Aux termes de l'article L. 521-2 du code de justice administrative : « Saisi d’une demande en ce sens justifiée par l’urgence, le juge des référés peut ordonner toutes mesures nécessaires à la sauvegarde d’une liberté fondamentale à laquelle une personne morale de droit public ou un organisme de droit privé chargé de la gestion d’un service public aurait porté, dans l’exercice d’un de ses pouvoirs, une atteinte grave et manifestement illégale. Le juge des référés se prononce dans un délai de quarante-huit heures. ». L’article L. 522-3 du même code dispose que : « Lorsque la demande ne présente pas un caractère d'urgence ou lorsqu'il apparaît manifeste, au vu de la demande, que celle-ci ne relève pas de la compétence de la juridiction administrative, qu'elle est irrecevable ou qu'elle est mal fondée, le juge des référés peut la rejeter par une ordonnance motivée sans qu'il y ait lieu d'appliquer les deux premiers alinéas de l'article L. 522-1 ».
A la différence d’une demande de suspension présentée sur le fondement de l’article L. 521-1 du code de justice administrative, à laquelle il peut être satisfait s’il est justifié d’une situation d’urgence et de l’existence d’un doute sérieux quant à la légalité de la décision contestée, une demande présentée au titre de la procédure particulière de l’article L. 521-2 du même code implique, pour qu’il y soit fait droit, qu’il soit justifié d’une situation d’urgence particulière rendant nécessaire l’intervention d’une mesure de sauvegarde dans les quarante-huit heures.
Pour établir l’extrême urgence qu’il y aurait à enjoindre au préfet des Hauts-de-Seine de faire cesser la situation dans laquelle il se trouve, M. A... fait valoir qu’il ne peut accéder à l’emploi sans titre de séjour, alors pourtant que l’administration préfectorale, dont les carences sont flagrantes, lui a délivré une attestation de décision favorable le 6 novembre 2023. Il ajoute qu’en raison de cette inertie, il ne pourra pas honorer l’emploi qui lui est proposé à compter du 1er avril 2026 et bénéficier des ressources correspondantes, ce qui fragilise sa situation financière. Toutefois, pour regrettables qu’elles soient, et alors que M. A... bénéficie d’une attestation de décision favorable depuis 2023, ce qui le légitimait depuis longtemps à engager une action devant le juge des référés, ces circonstances ne sont pas de nature à justifier d’une situation d’extrême urgence rendant nécessaire l’intervention de la juge des référés dans les quarante-huit heures.

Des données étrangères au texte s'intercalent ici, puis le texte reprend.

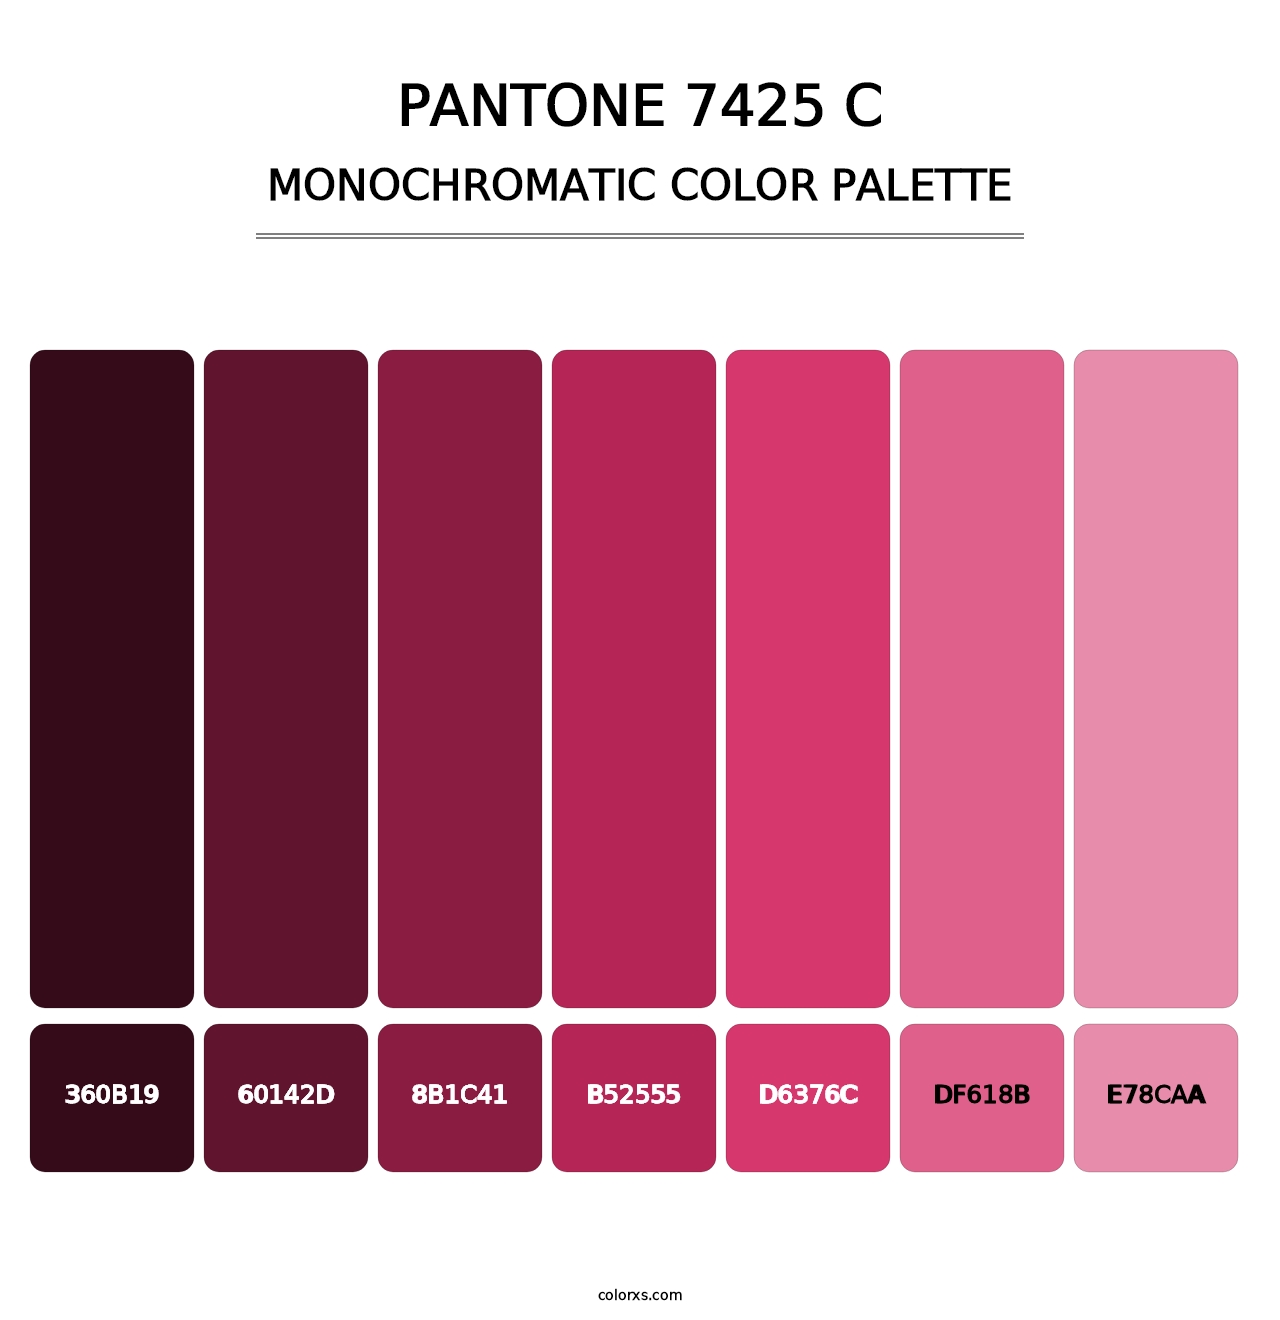 PANTONE 7425 C - Monochromatic Color Palette

Par suite, en l’absence d’urgence, sans qu’il y ait lieu d’examiner la condition d’atteinte grave et manifestement illégale à une liberté fondamentale, la requête de M. A... doit être rejetée en toutes ses conclusions en application des dispositions précitées de l’article L. 522-3 du code de justice administrative.
O R D O N N E :
Article 1er : La requête de M. A... est rejetée.
Article 2 : La présente ordonnance sera notifiée à M. B... A....
Fait à Cergy, le 30 mars 2026.
La juge des référés,
C. Oriol
La République mande et ordonne au ministre de l'intérieur en ce qui le concerne ou à tous commissaires de justice à ce requis en ce qui concerne les voies de droit commun contre les parties privées, de pourvoir à l'exécution de la présente décision.